───── SUPPLIED MATERIAL

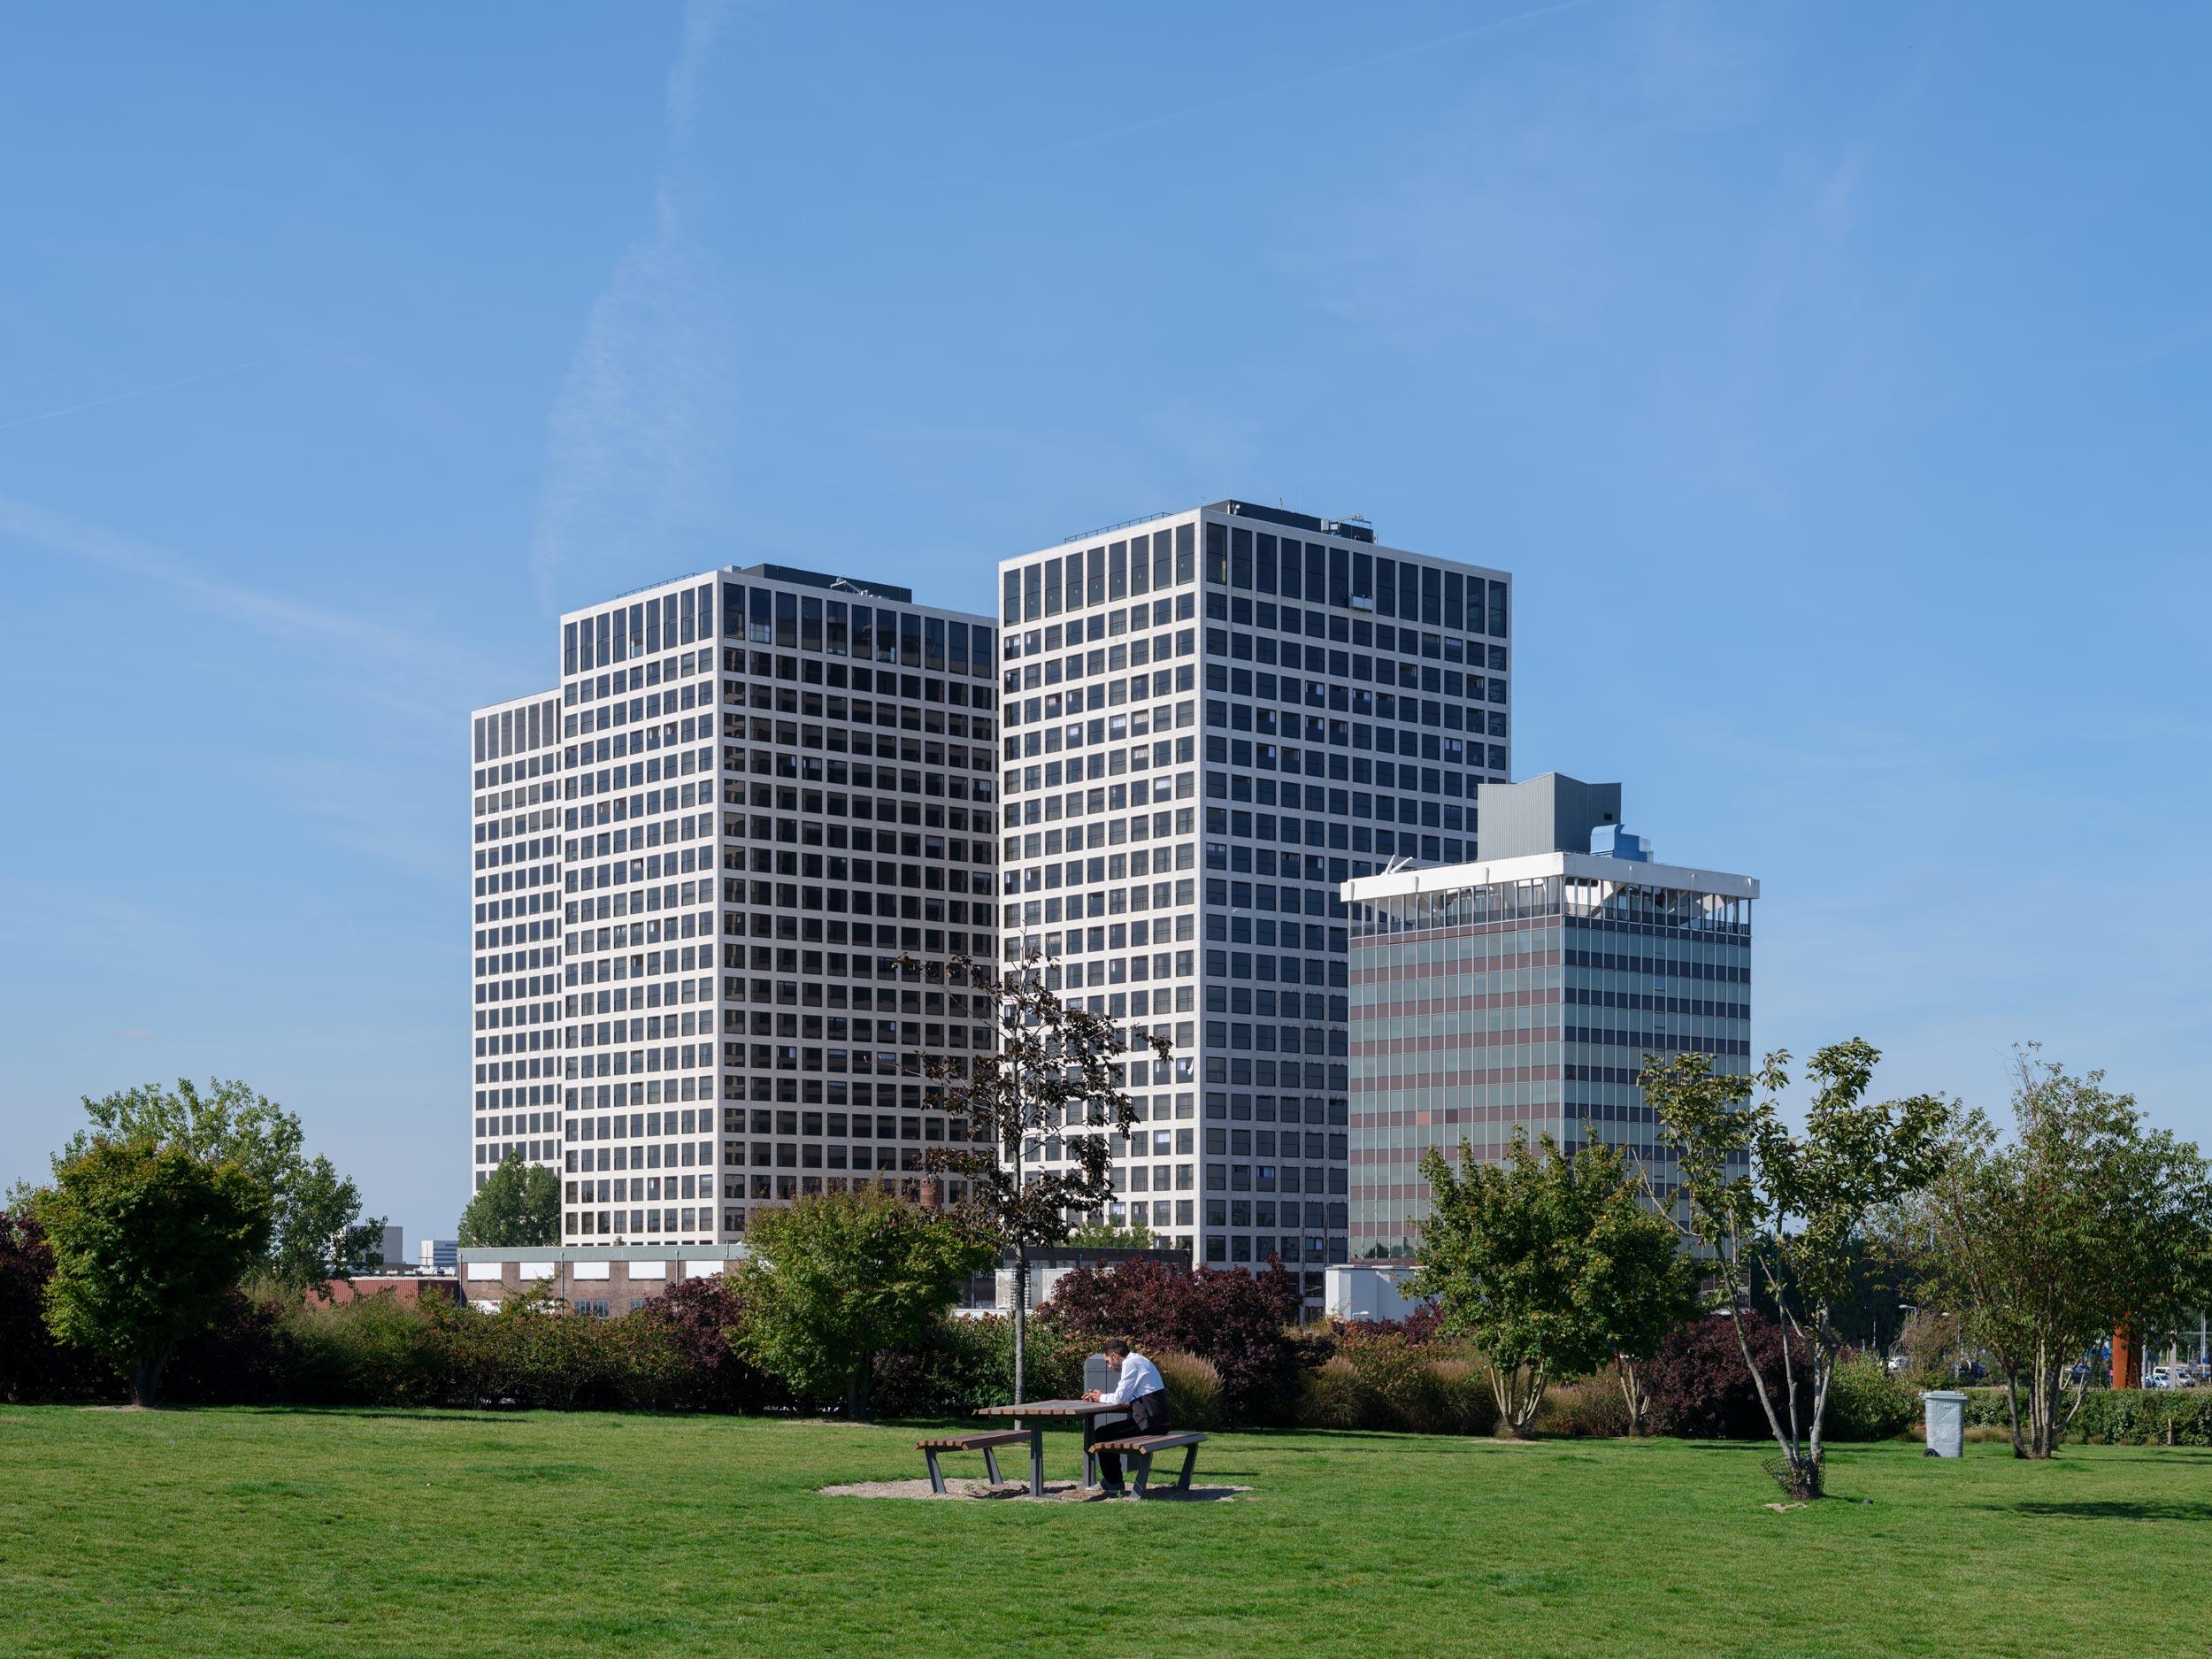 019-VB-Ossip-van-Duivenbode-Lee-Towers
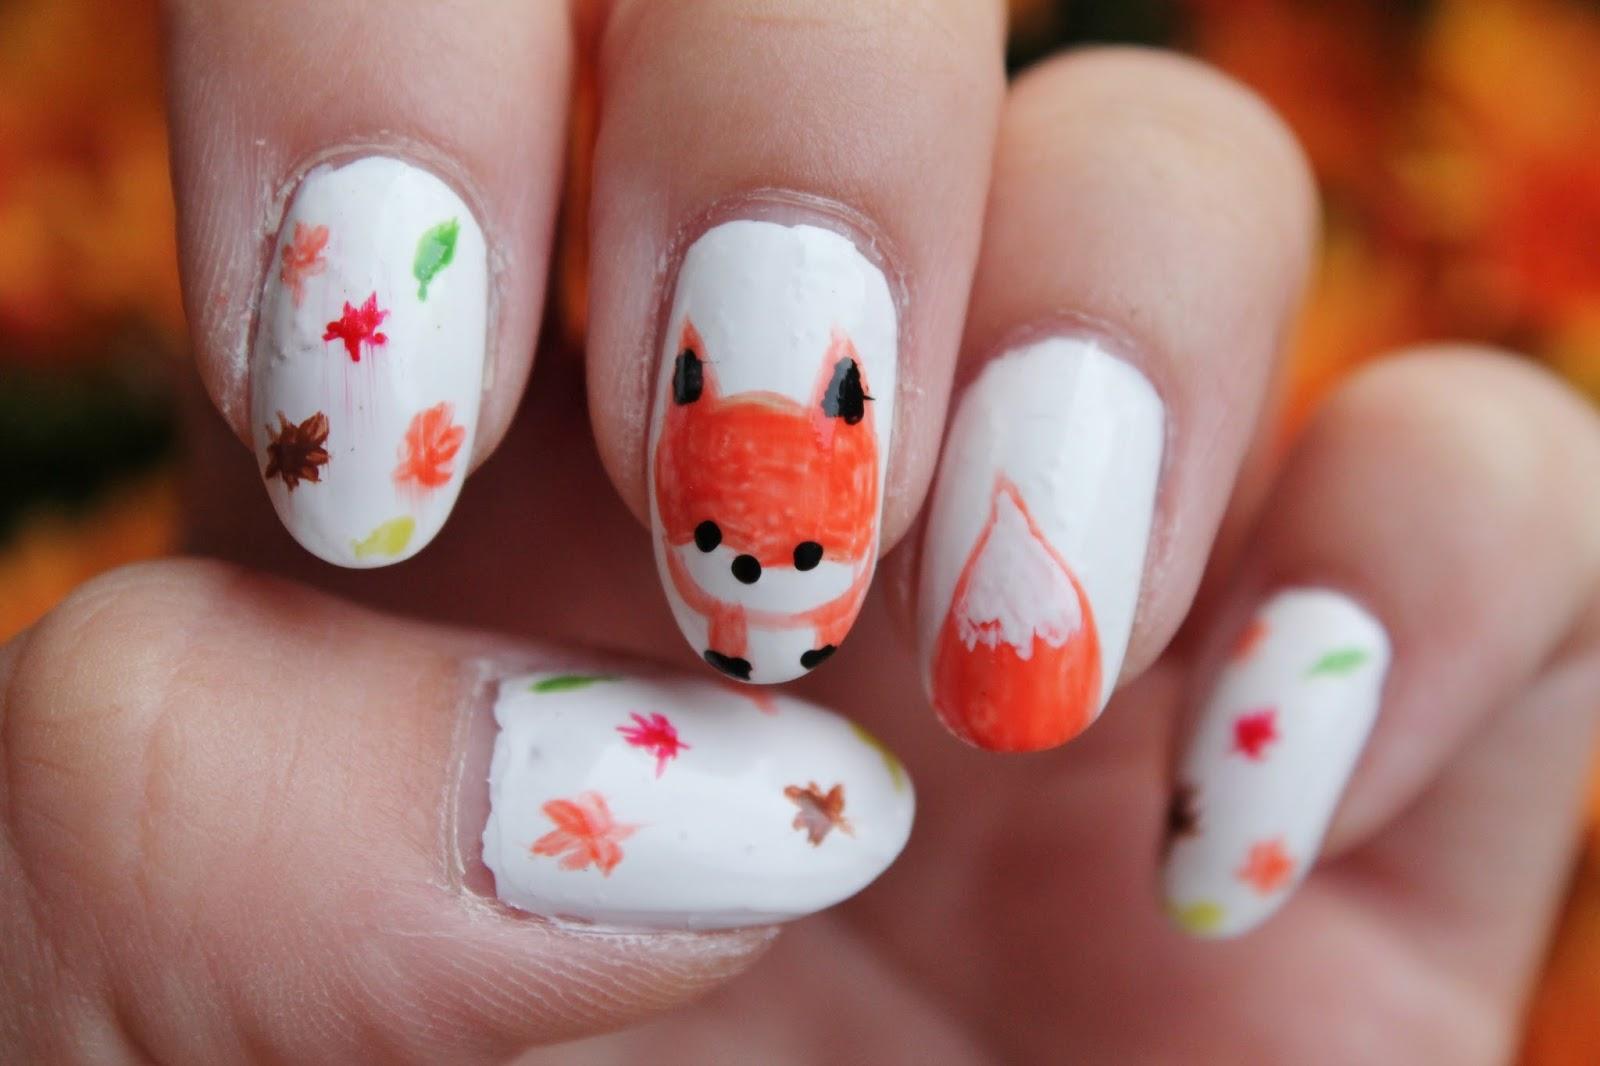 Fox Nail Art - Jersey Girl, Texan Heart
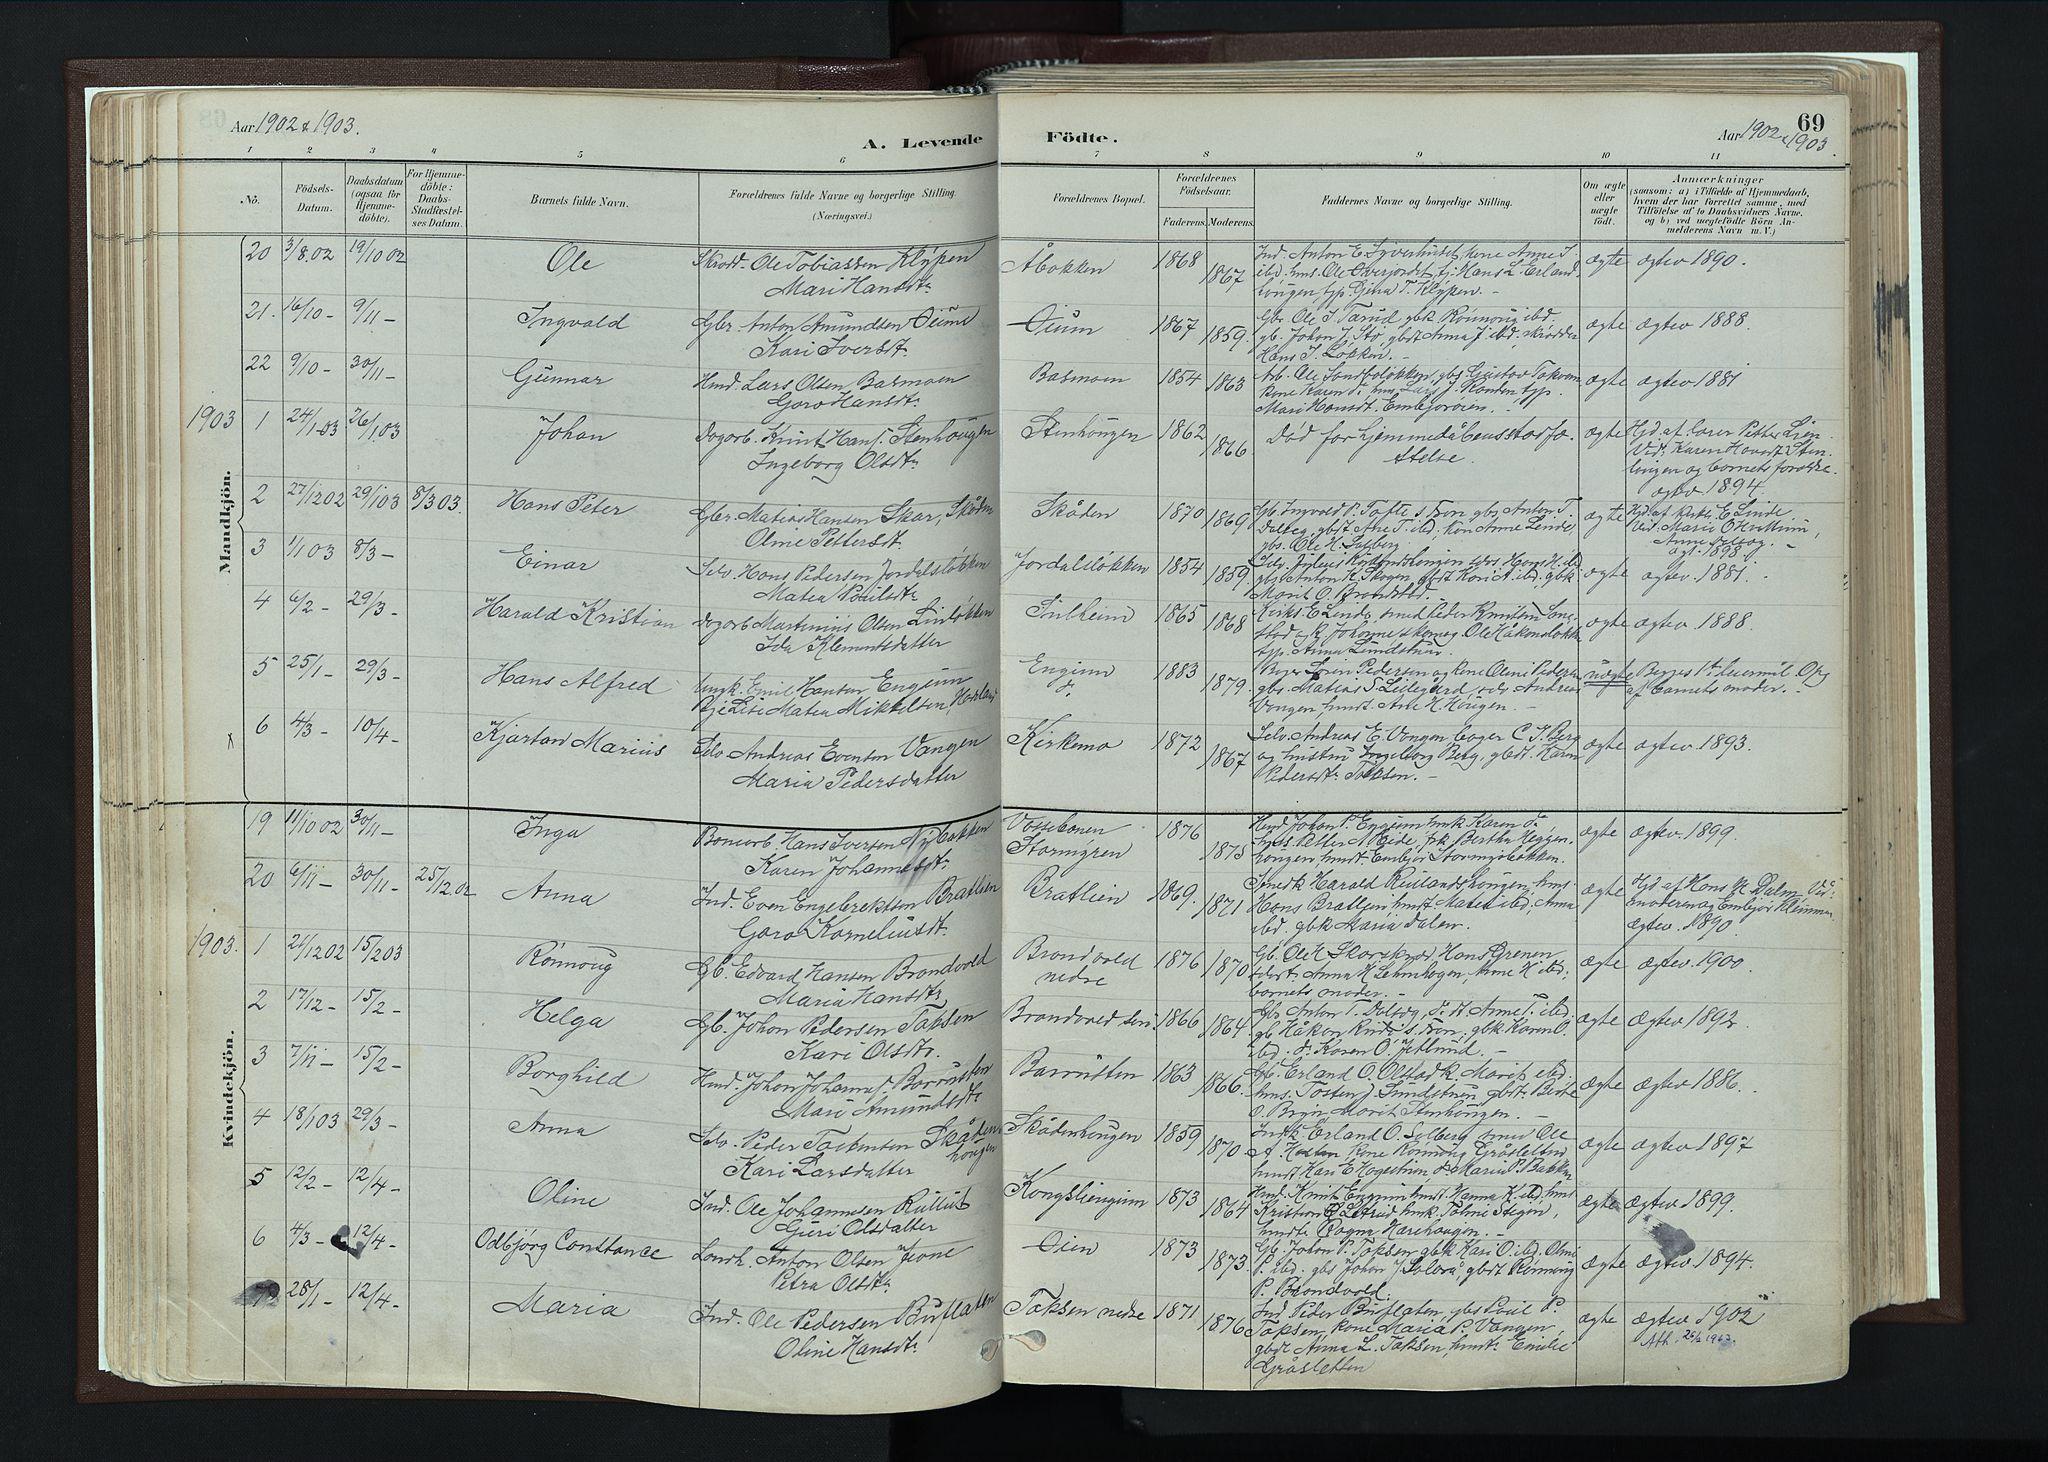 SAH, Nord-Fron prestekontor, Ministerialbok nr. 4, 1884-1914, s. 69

──────────

**PROBLEM TO WORK ON:** Print the material again, unchanged, without its pictures.

**RESPONSE AREA:**
 019-VB-Ossip-van-Duivenbode-Lee-Towers
 Fox Nail Art - Jersey Girl, Texan Heart
 SAH, Nord-Fron prestekontor, Ministerialbok nr. 4, 1884-1914, s. 69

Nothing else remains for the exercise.